● Supplied data:
>>
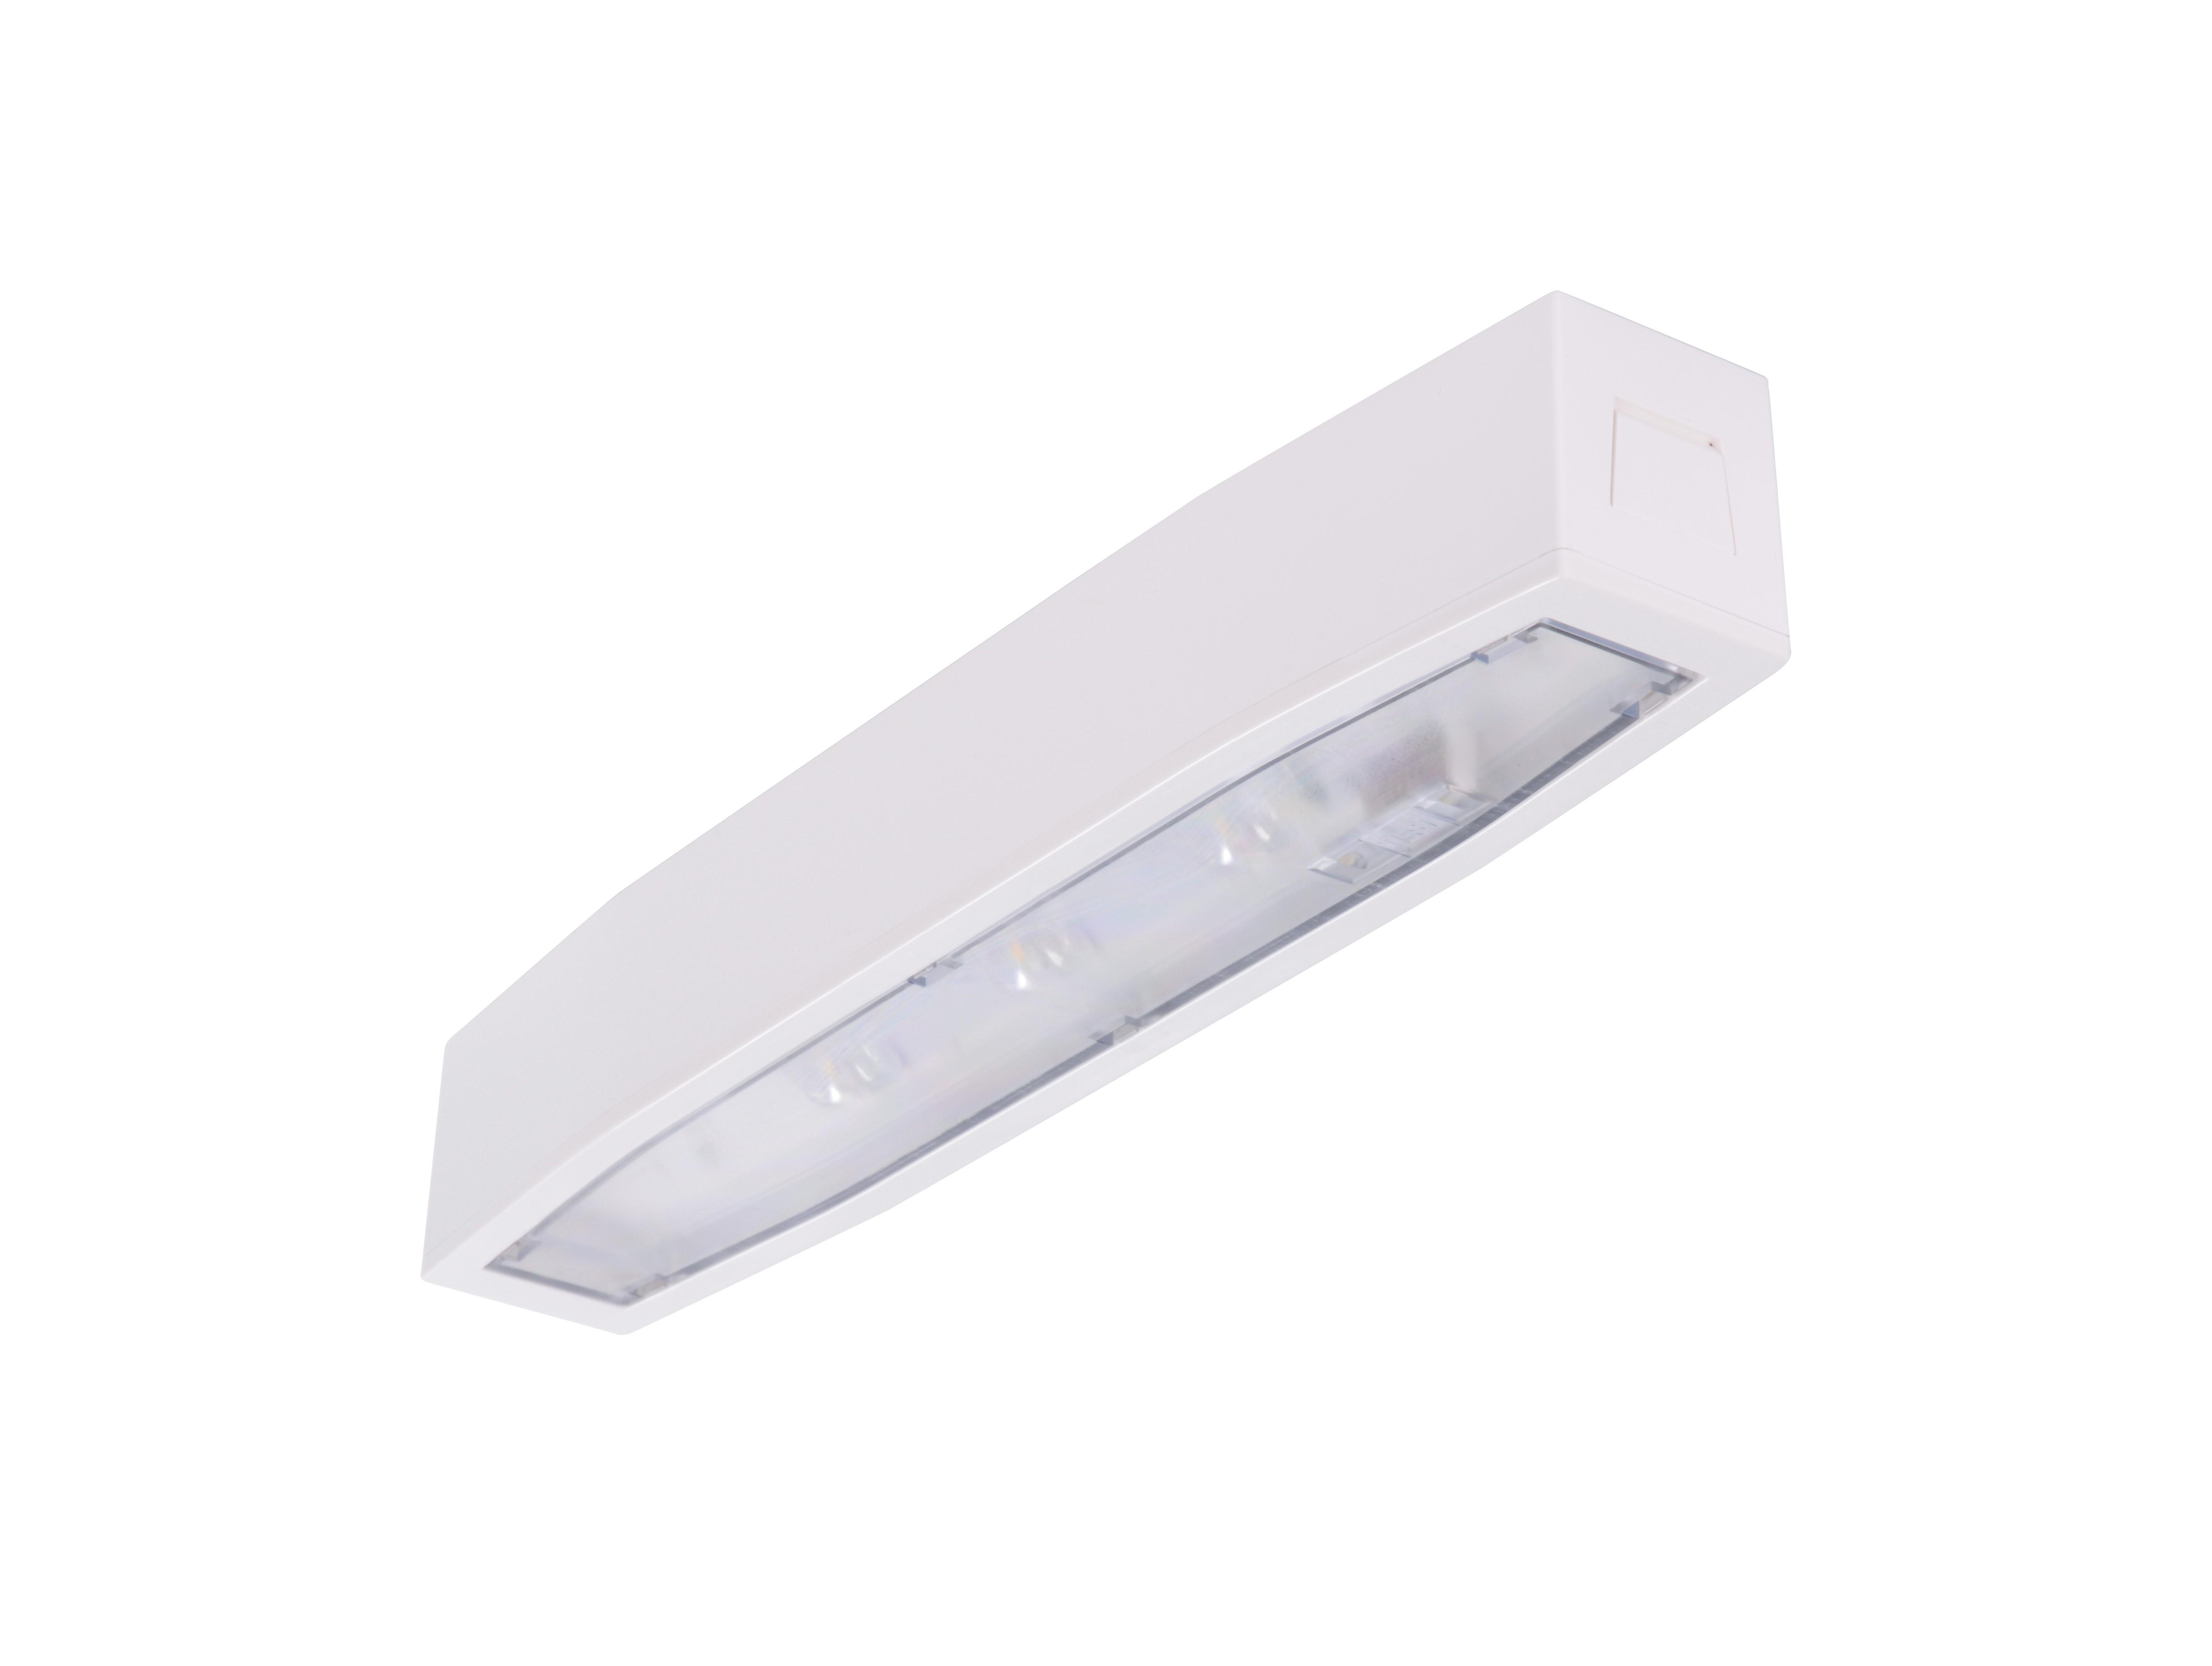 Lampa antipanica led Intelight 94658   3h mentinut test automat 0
<<
>>
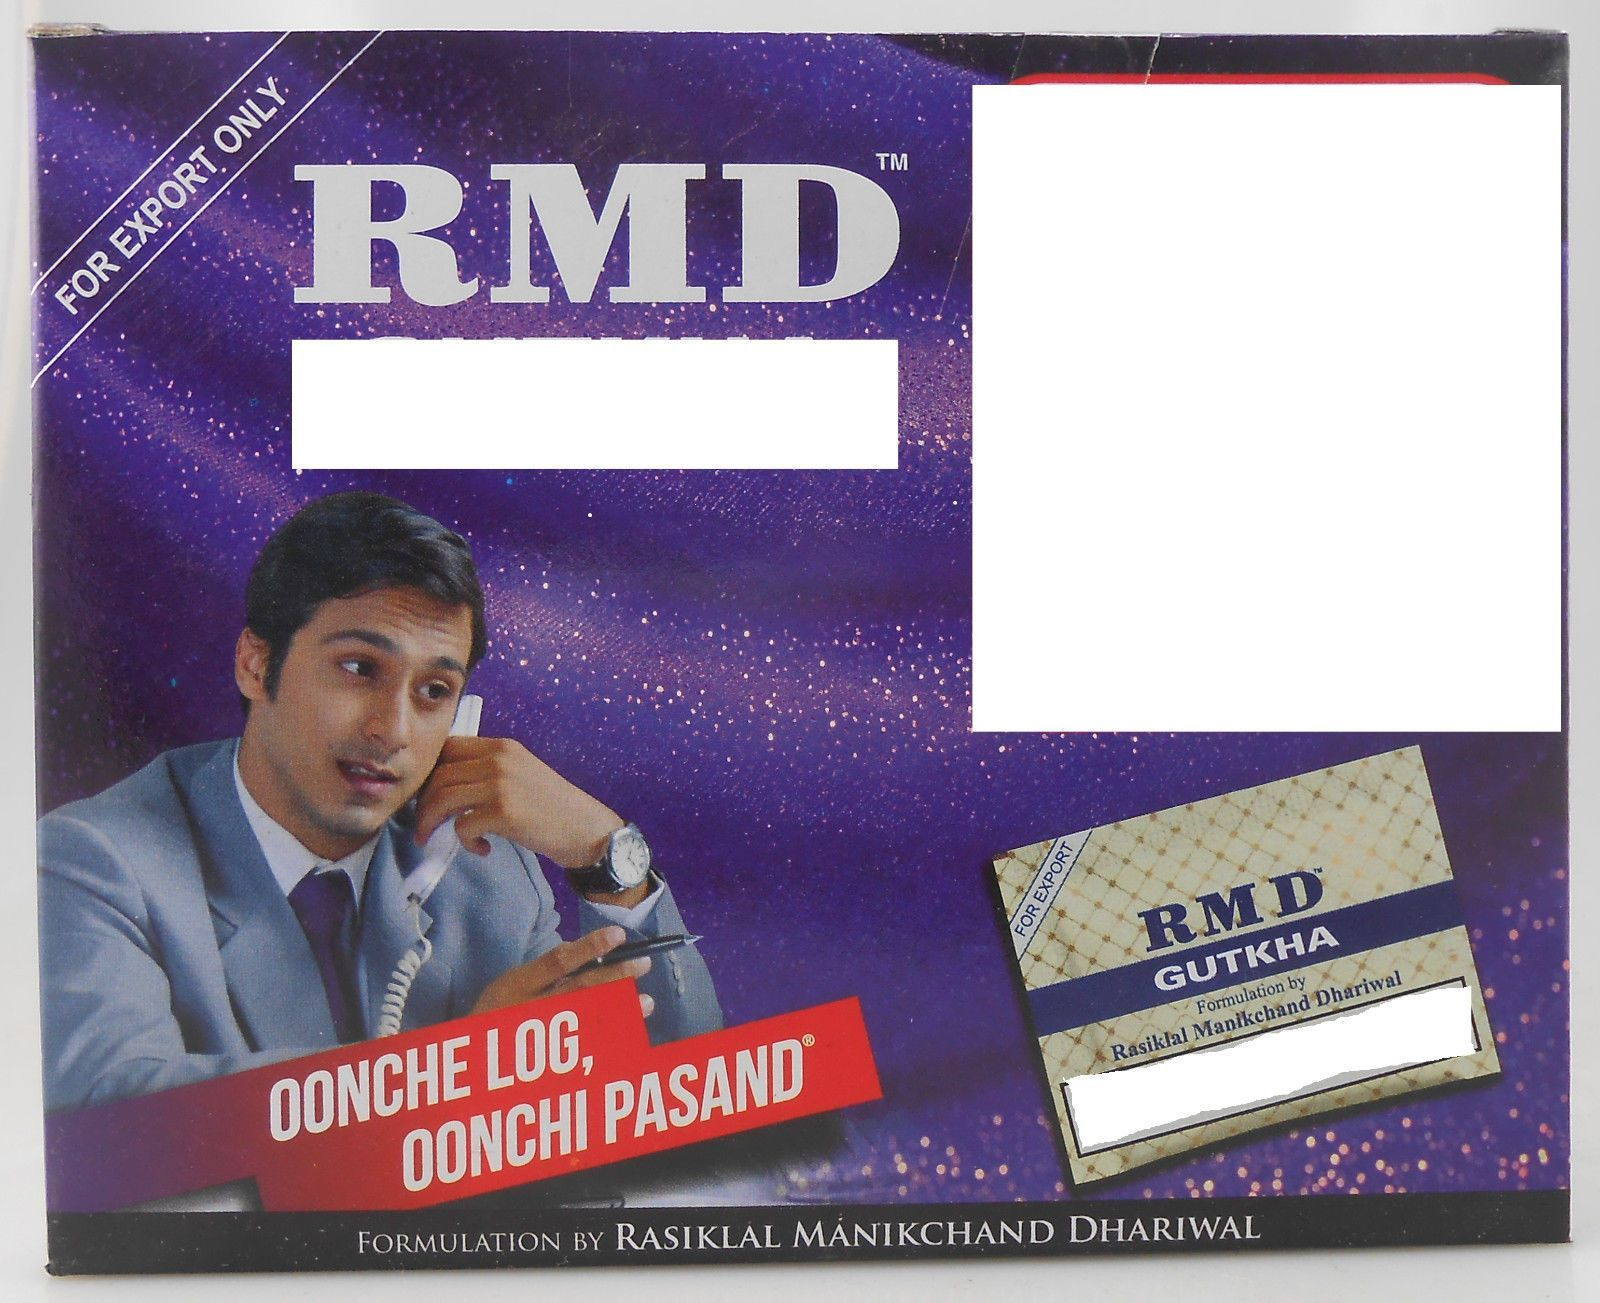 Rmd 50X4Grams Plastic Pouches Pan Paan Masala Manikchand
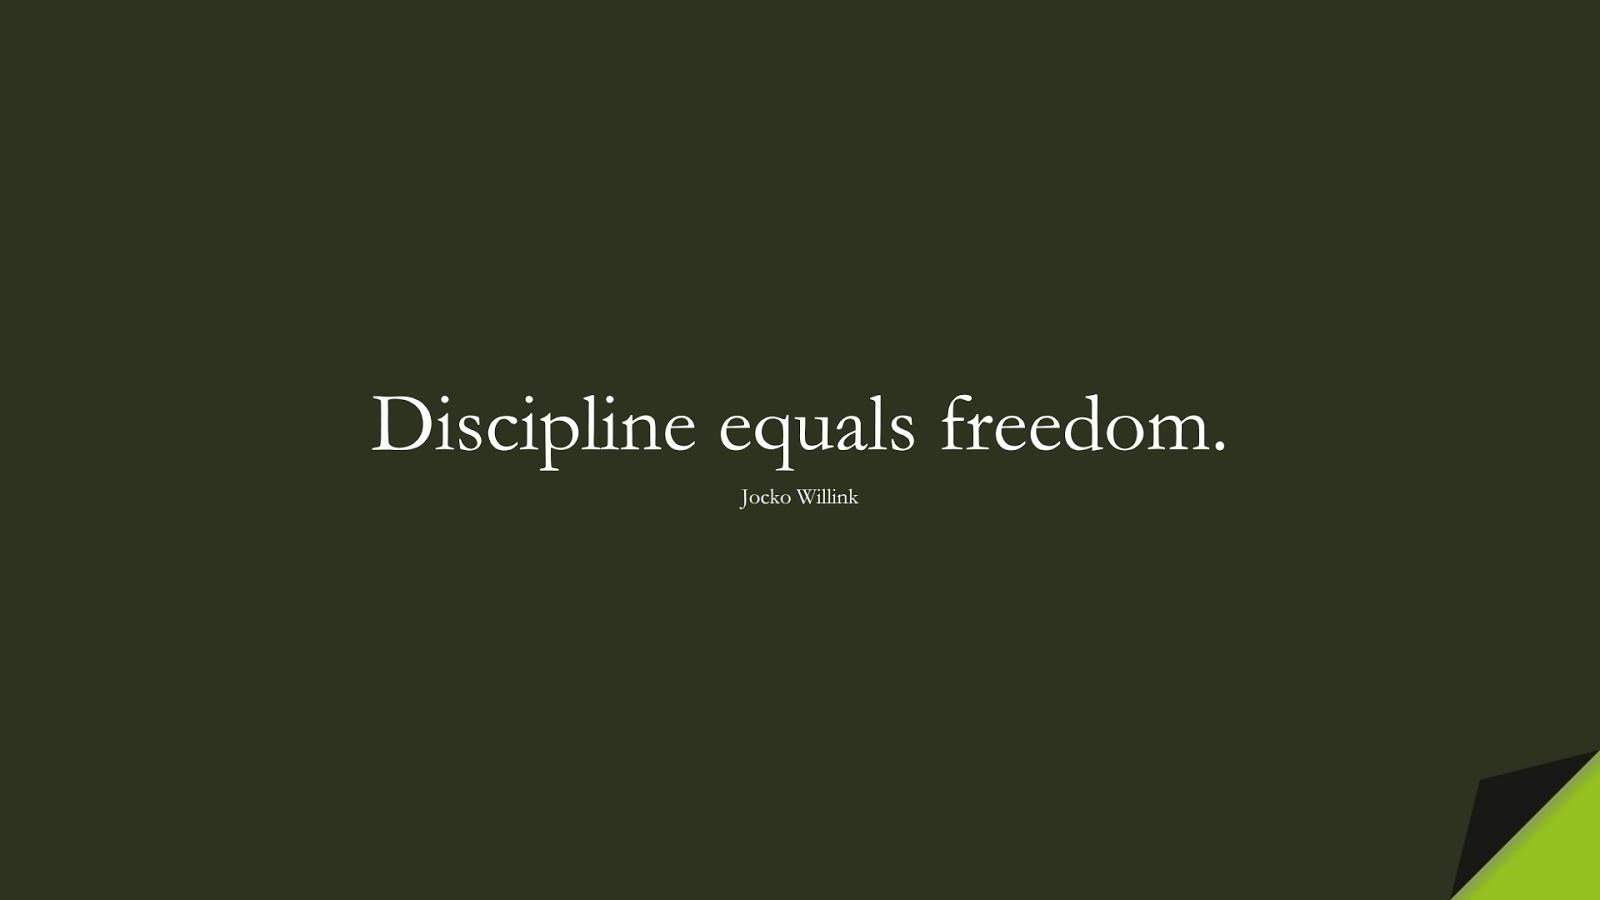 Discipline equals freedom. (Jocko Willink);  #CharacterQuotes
<<
>>
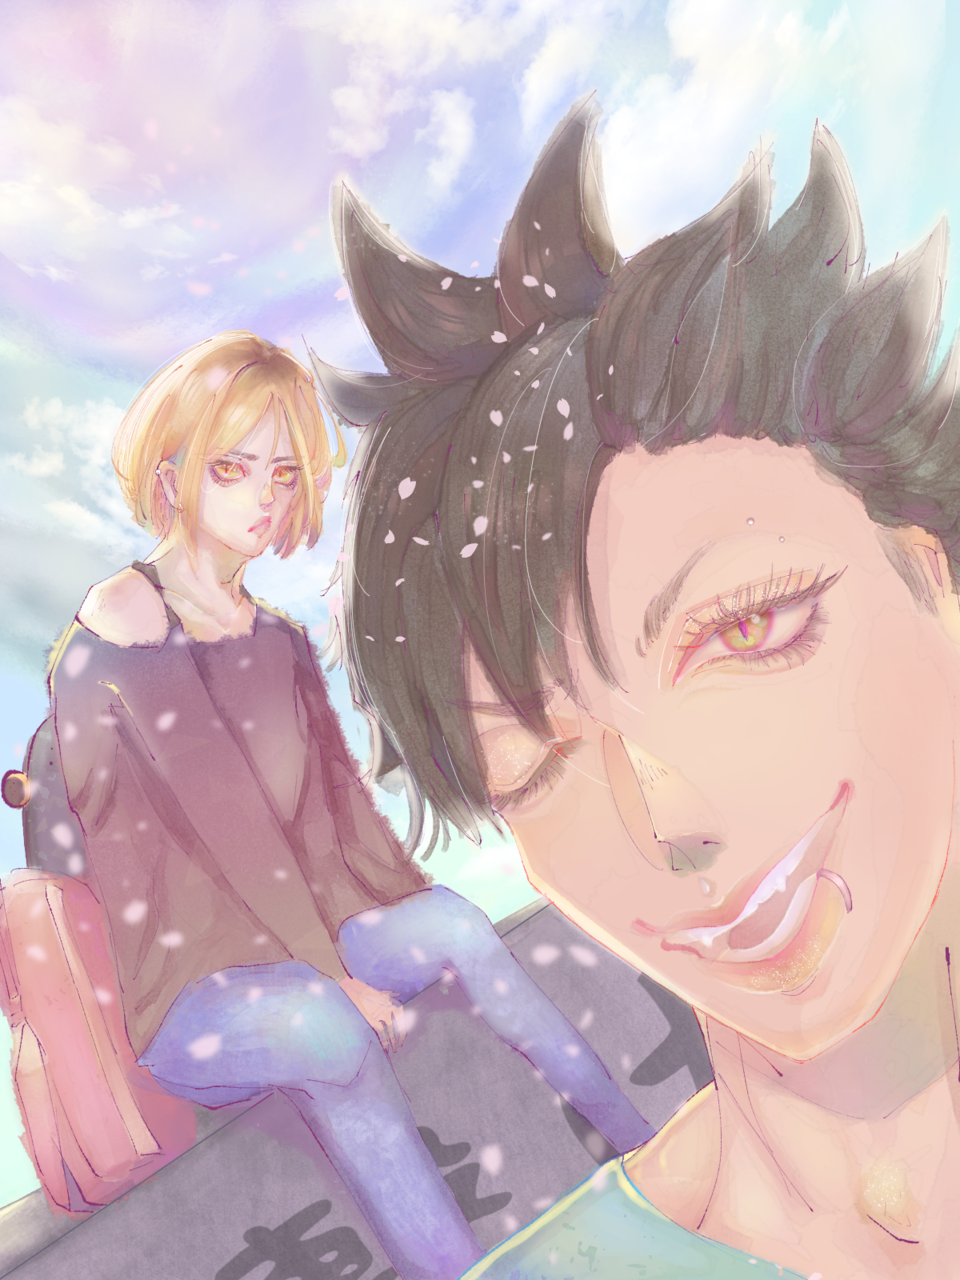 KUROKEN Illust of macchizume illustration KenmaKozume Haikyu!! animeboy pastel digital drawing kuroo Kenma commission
<<
● Exercise brief: Only the lines starting at the one that includes "Rmd 50X4Grams Plastic" and ending at the one that includes "Discipline equals freedom." should be retyped, exactly, from the records above; no pictures.

● Answer for the task:
 Rmd 50X4Grams Plastic Pouches Pan Paan Masala Manikchand
 Discipline equals freedom. (Jocko Willink);  #CharacterQuotes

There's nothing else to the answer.